WORK REQUEST: Return the listing verbatim, images left out.

DATA BELOW:
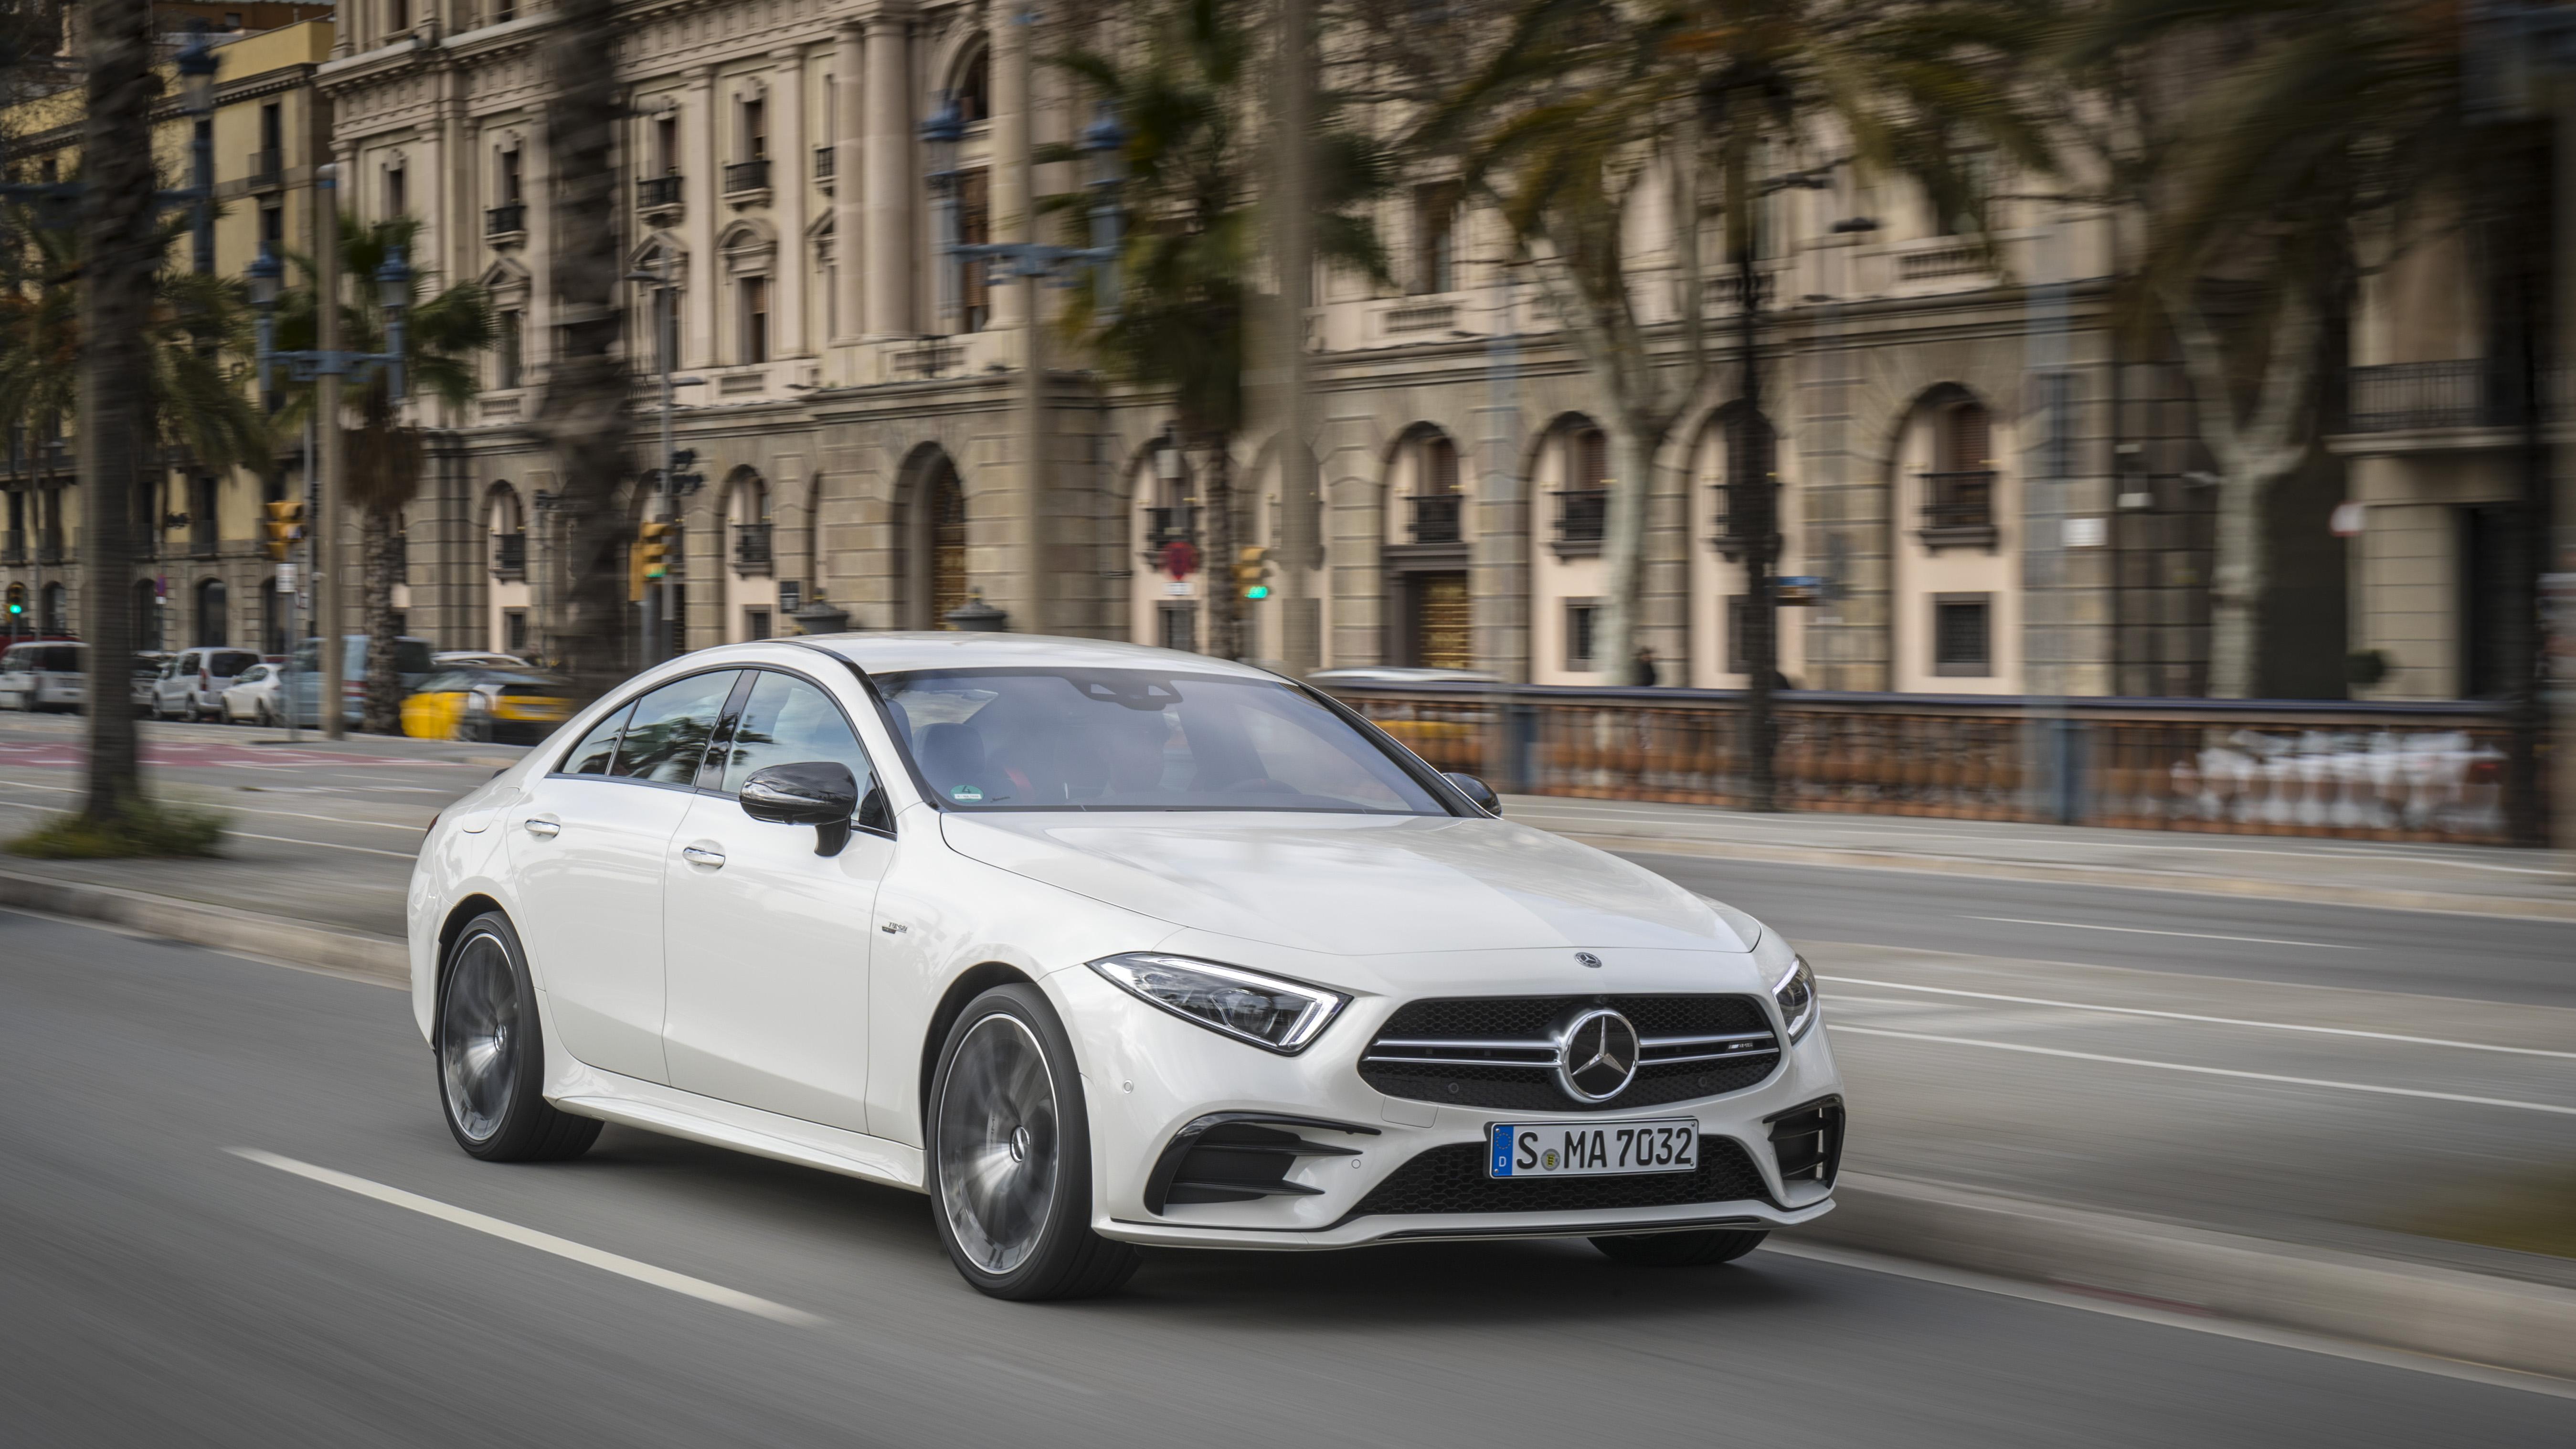 2018 Mercedes-Benz CLS first drive review
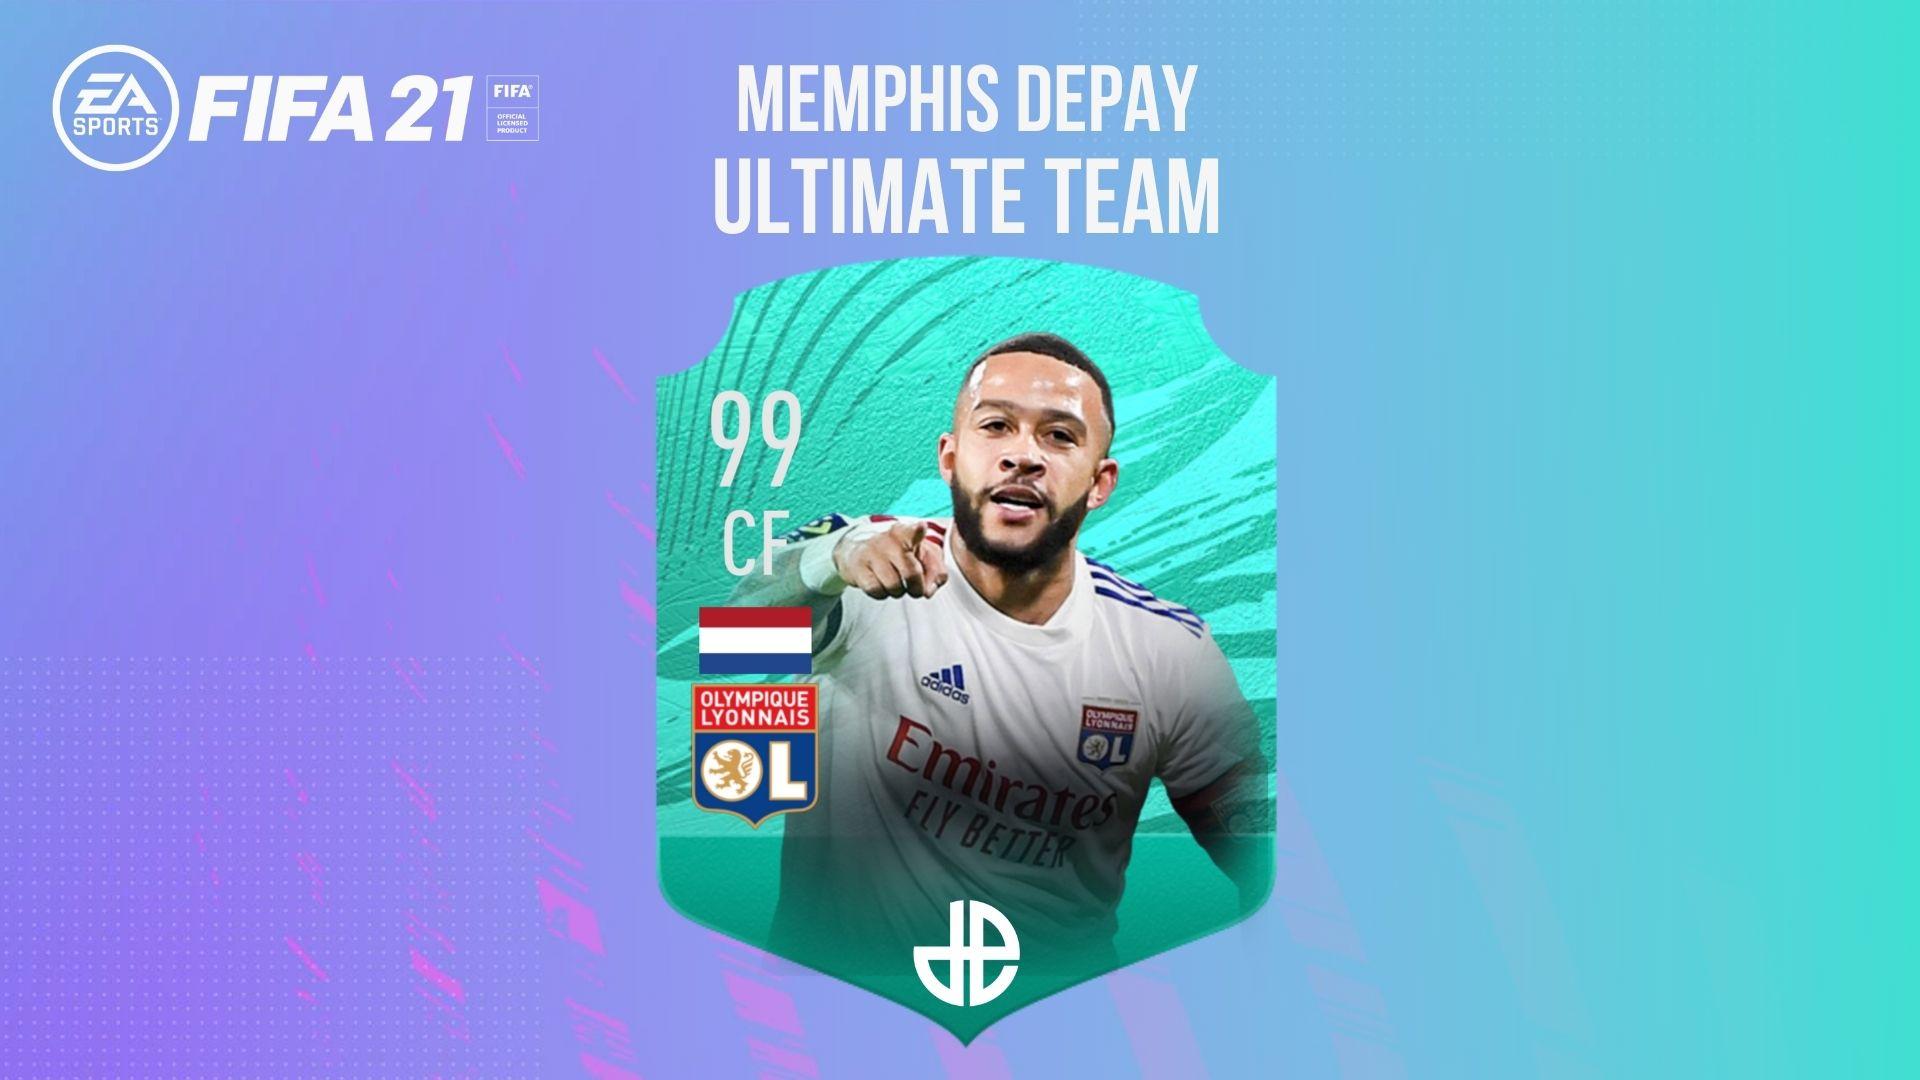 Memphis Depay FIFA Ultimate Team
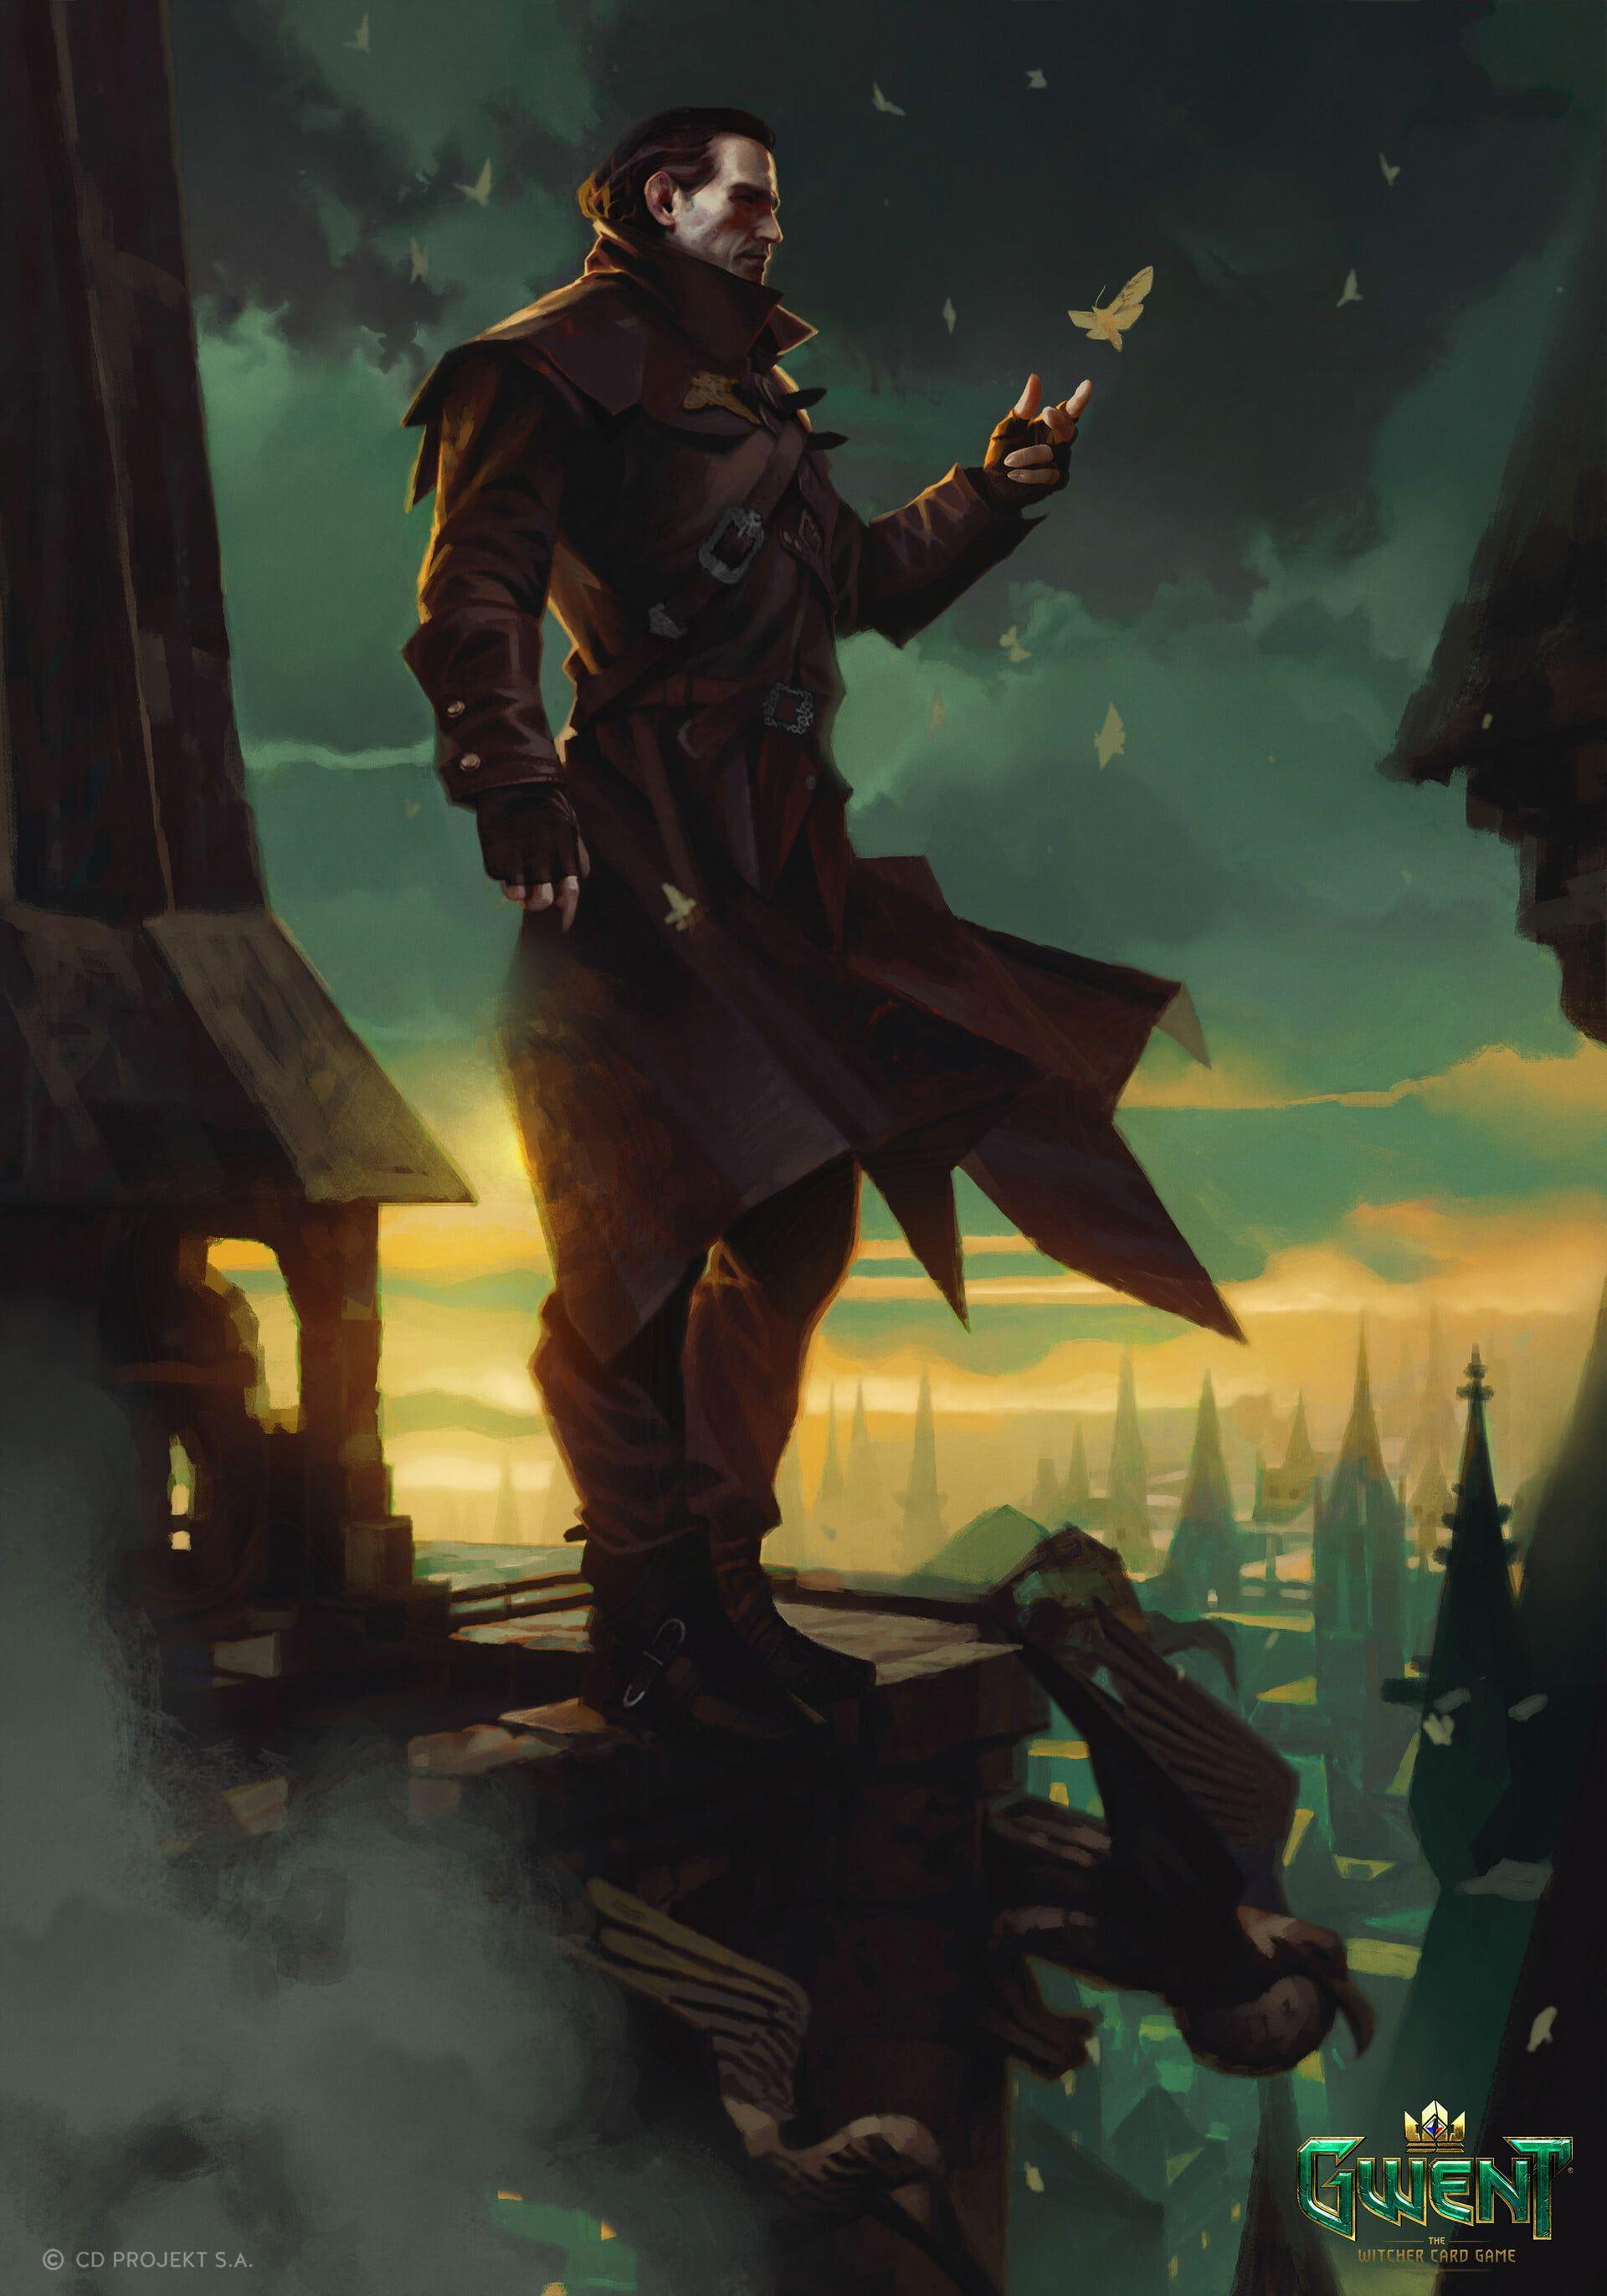 Digital Art Artwork Portrait Display Video Games Dettlaff The Witcher 3 Wild Hunt Hearts Of Stone The Witcher 3 Wild Hun Witcher Art Vampire Art Game Art

WRITTEN REPLY:
 2018 Mercedes-Benz CLS first drive review
 Memphis Depay FIFA Ultimate Team
 Digital Art Artwork Portrait Display Video Games Dettlaff The Witcher 3 Wild Hunt Hearts Of Stone The Witcher 3 Wild Hun Witcher Art Vampire Art Game Art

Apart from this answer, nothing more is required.